Cook the Stalk and Root
The stalk is usually peeled and chopped before being added to soups, stews, and stir-fries. The root can be peeled or sliced and eaten raw in salads or steamed like potatoes. The plant’s root is slightly sweet, with a texture similar to jicama. The stalk and root are also edible when they’re young, with the root tasting like a mix between a carrot and a radish. As they age, the stalks become fibrous and the root becomes woody.
Try It Raw
The leaves of the skunk cabbage plant can be eaten raw, but they taste better cooked. However, some people enjoy them raw as a nibble at cocktail parties. If you want to try eating skunk cabbage raw, you need to make sure you’re harvesting it from a clean area where it hasn’t been contaminated by livestock or other plants. The leaves are covered in tiny, sticky hairs that secrete a white, smelly liquid when they come into contact with other plants. Some people enjoy eating the flowers raw, but most find that the “cabbage” taste is too overpowering. The flowers can be added to salads and sandwiches, but they’re best enjoyed with a squirt of lemon juice to cut through the strong taste.
Make a Leaf Curry
Skunk cabbage is perfect for a curry, but you can use the leaves from any plant. Try a recipe that uses the leaves of other plants, like the skunk cabbage leaf curry from The Forager’s Kitchen. If you’re not up for making a curry from scratch, try a premade jar of skunk cabbage jam from Grillo’s Pickles.

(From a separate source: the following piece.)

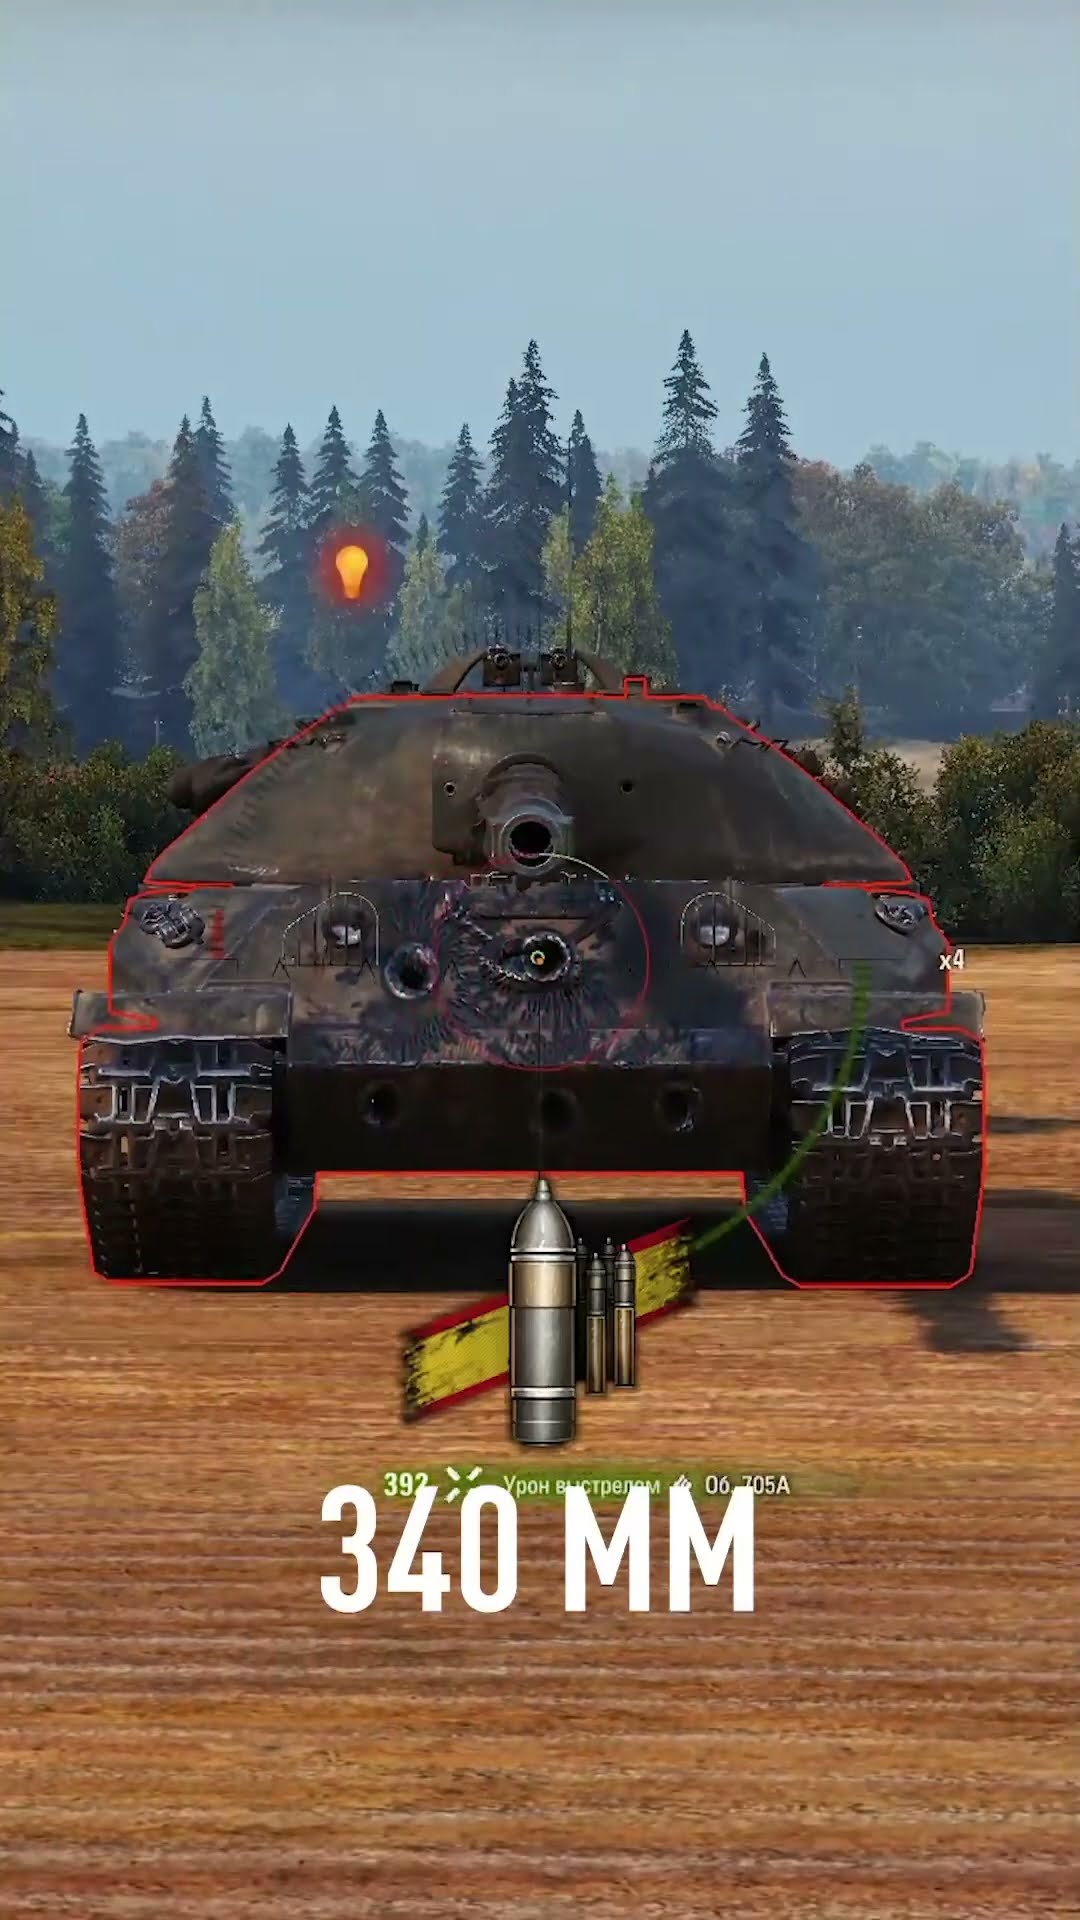 Превью: Как пробить тяжелый танк Объект 705А в Мир Танков? #wot #миртанков

Prepare It Like You Would Collard Greens
If you’d like to eat skunk cabbage but you aren’t keen on the taste, try boiling or steaming the leaves until they’re tender. Then, sauté the leaves in a little oil or butter with some salt, pepper, and onion powder. This will give it a milder flavor that tastes similar to collard greens. Skunk cabbage can also be preserved by pressure-canning it or by making a syrup with it. It can be used to make jam, syrup, or even be mixed into cocktails.
Tastes Like Chicken? Try Roasting The Seeds!
The seeds of the skunk cabbage plant are edible when they mature in the fall, but they should be harvested while they’re still green, like a bean. They can be eaten raw like nuts, or roasted like coffee beans. The seeds are also a great source of protein and can be used in place of chickpeas in hummus. You can also use the dried seeds in baked goods, like biscuits or muffins.
Don’t Forget: This Is Still A Flower… Sort Of.
The skunk cabbage plant, like all flowering plants, has male and female flowers. The male flowers are the ones with the large, bright petals and the female flowers are the small, green buds at the base of the flower. The male flowers are inedible and are best left for pollination. The female flowers can be eaten, but they’re smaller and less noticeable. If you want to harvest the female flowers, wait until the plant is mature and brown, and then pick them off the stalk, leaving the male flowers behind. The flowers can be eaten raw or cooked like broccoli.
As we’ve covered in the above section, we know that skunk cabbage is edible. We also know that it can be used in both salads and stir-fries. But what else is there to know about this unusual plant? Now that we’ve covered the basics of whether or not skunk cabbage is edible and how to eat it, let’s take a look at some of the health benefits of consuming skunk cabbage. Skunk cabbage contains a variety of vitamins, minerals, and amino acids that are good for the body.